Одно из самых любопытных явлений процесса – выход романов, анализирующих узловые ситуации, когда направление исторического движения не было еще определено. Таких ситуаций в истории не так уж много. В русской истории это была, например, ситуация 14 декабря. В литературе существует традиция считать выступление Северного общества обреченным с самого начала, и это определяет однообразный и не слишком плодотворный подход романистов. Едва ли не первый – и единственный – сказал о возможности вариантов Тынянов в «Кюхле»: «Весь день был томительным колебанием площадей, которые стояли, как чашки на весах…» Я не могу согласиться с общей концепцией восстания, выдвинутой Тыняновым, но образ весов здесь удивительно верен. Слишком долго писатели-историки боялись слова «если бы…», быть может, ключевого для понимания сути событий.

Роман Дмитрия Балашова «Великий стол» пронизан сослагательным наклонением. И это не прихоть автора – обилие «если бы…» диктуется материалом. Время действия романа – первая четверть XIV века, когда – в первый раз – после падения Киевского государства решался вопрос: что станет центром объединения Руси? И сквозь плотную, достоверную, часто жесткую фактуру романа, сквозь явно видимую, твердо выписанную Русь именно первой четверти XIV века постоянно просвечивает – то ровным свечением, то резкими вспышками – «тверской вариант», «тверская утопия».

Платон, сочиняя «Государство», в то время как тень Македонской монархии уже лежала на демократических полисах Греции, оглядывался на бурную эпоху греко-персидских войн, когда афинская демократия воодушевила и объединила греков.
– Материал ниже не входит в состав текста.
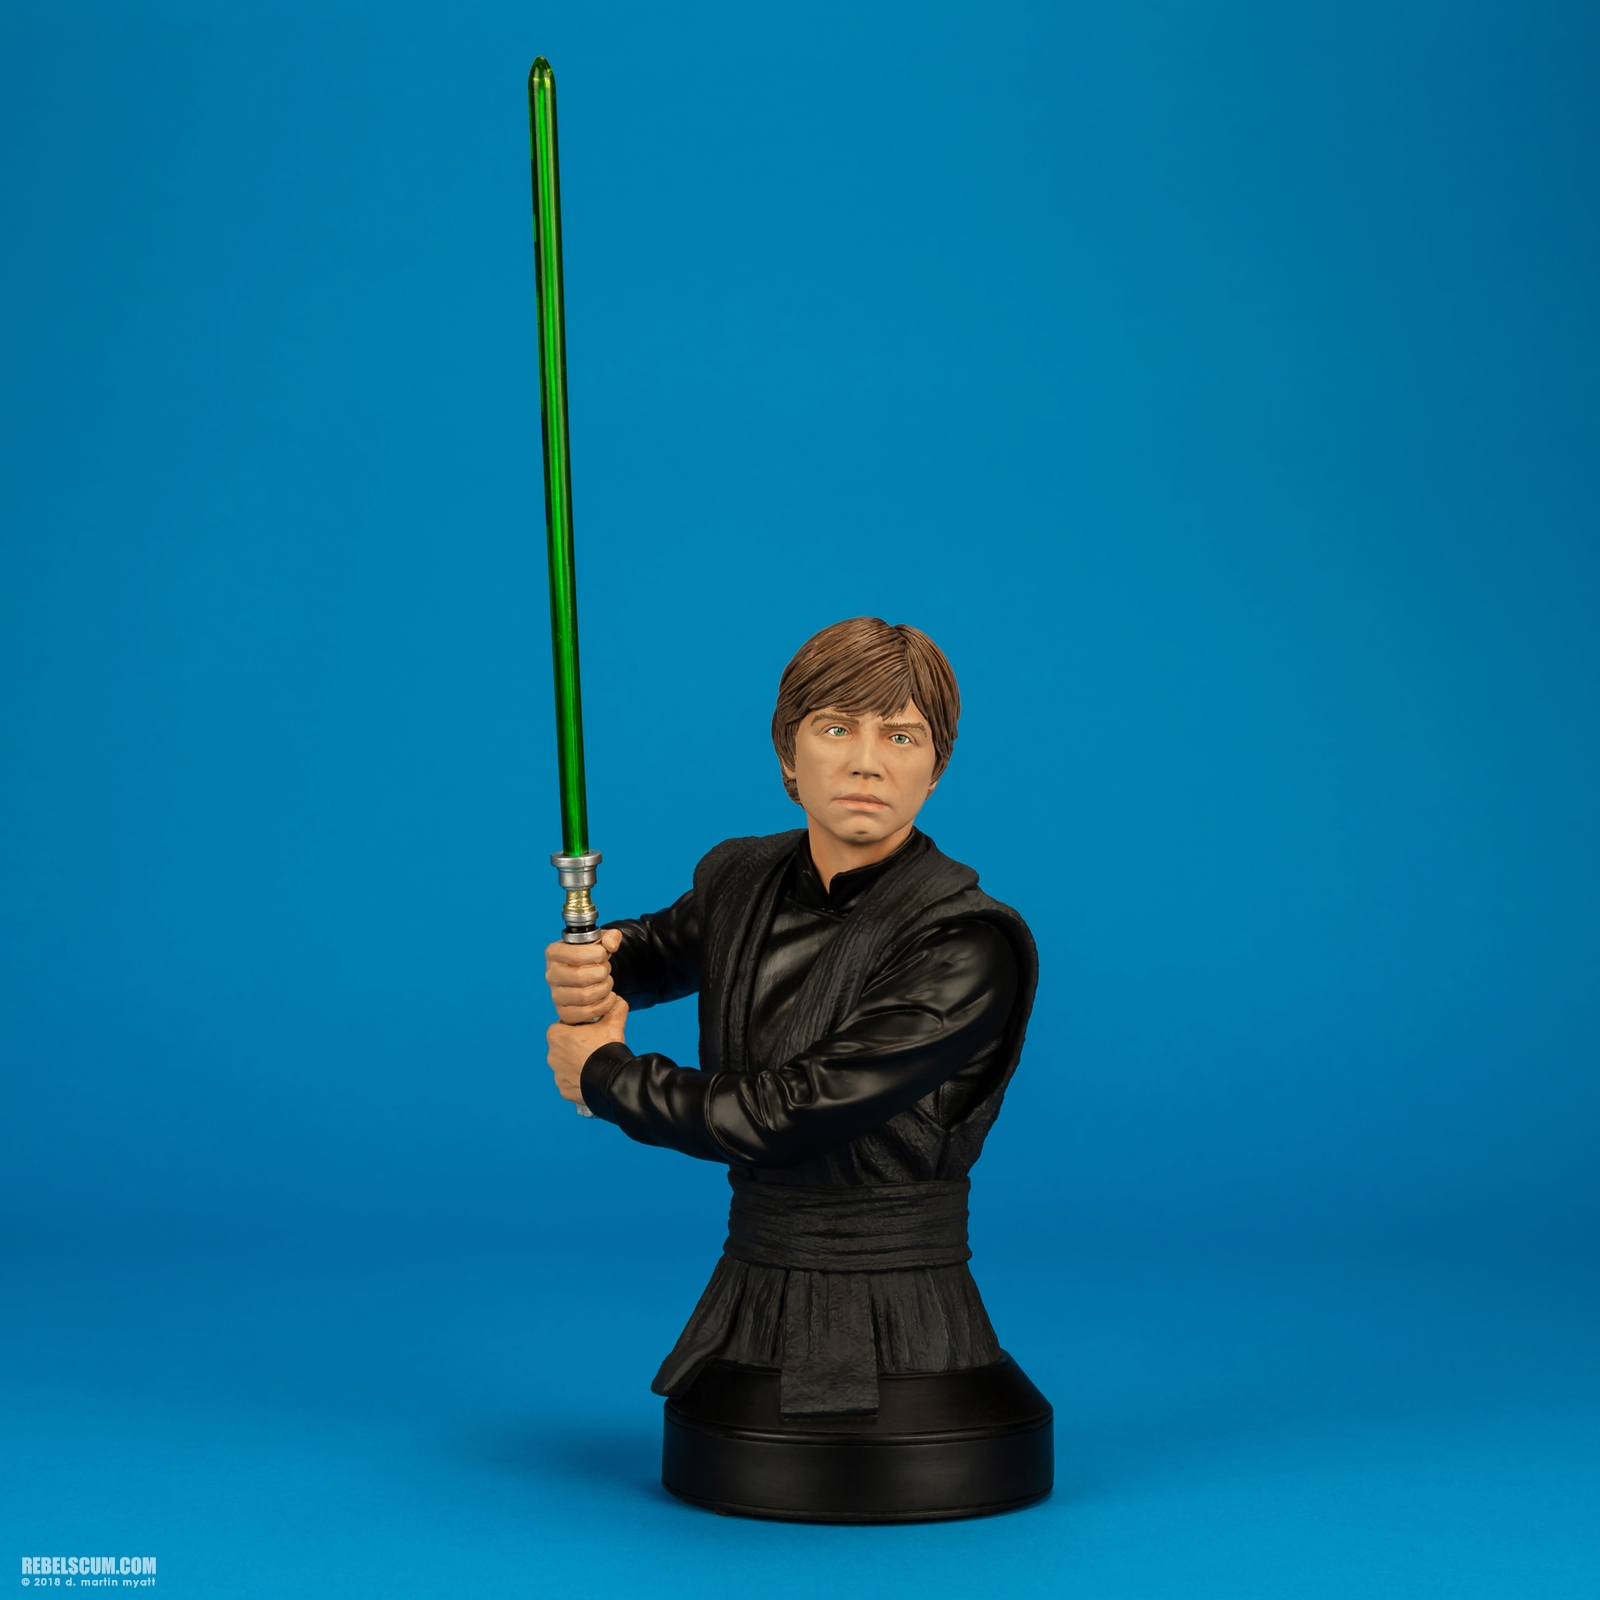 Luke-Skywalker-Jedi-Knight-Mini-Bust-Gentle-Giant-001.jpg

Он искал в этом прошлом явления, разъедавшие здоровую жизнь. Современная ему демократия вела Грецию к гибели, монархия была неприемлема. Сурово отсекая все, что казалось пагубным, Платон конструировал идеальный вариант. От ощущения близости катастрофы – путающая жесткость его политических структур и явная нереалистичность государственного мышления.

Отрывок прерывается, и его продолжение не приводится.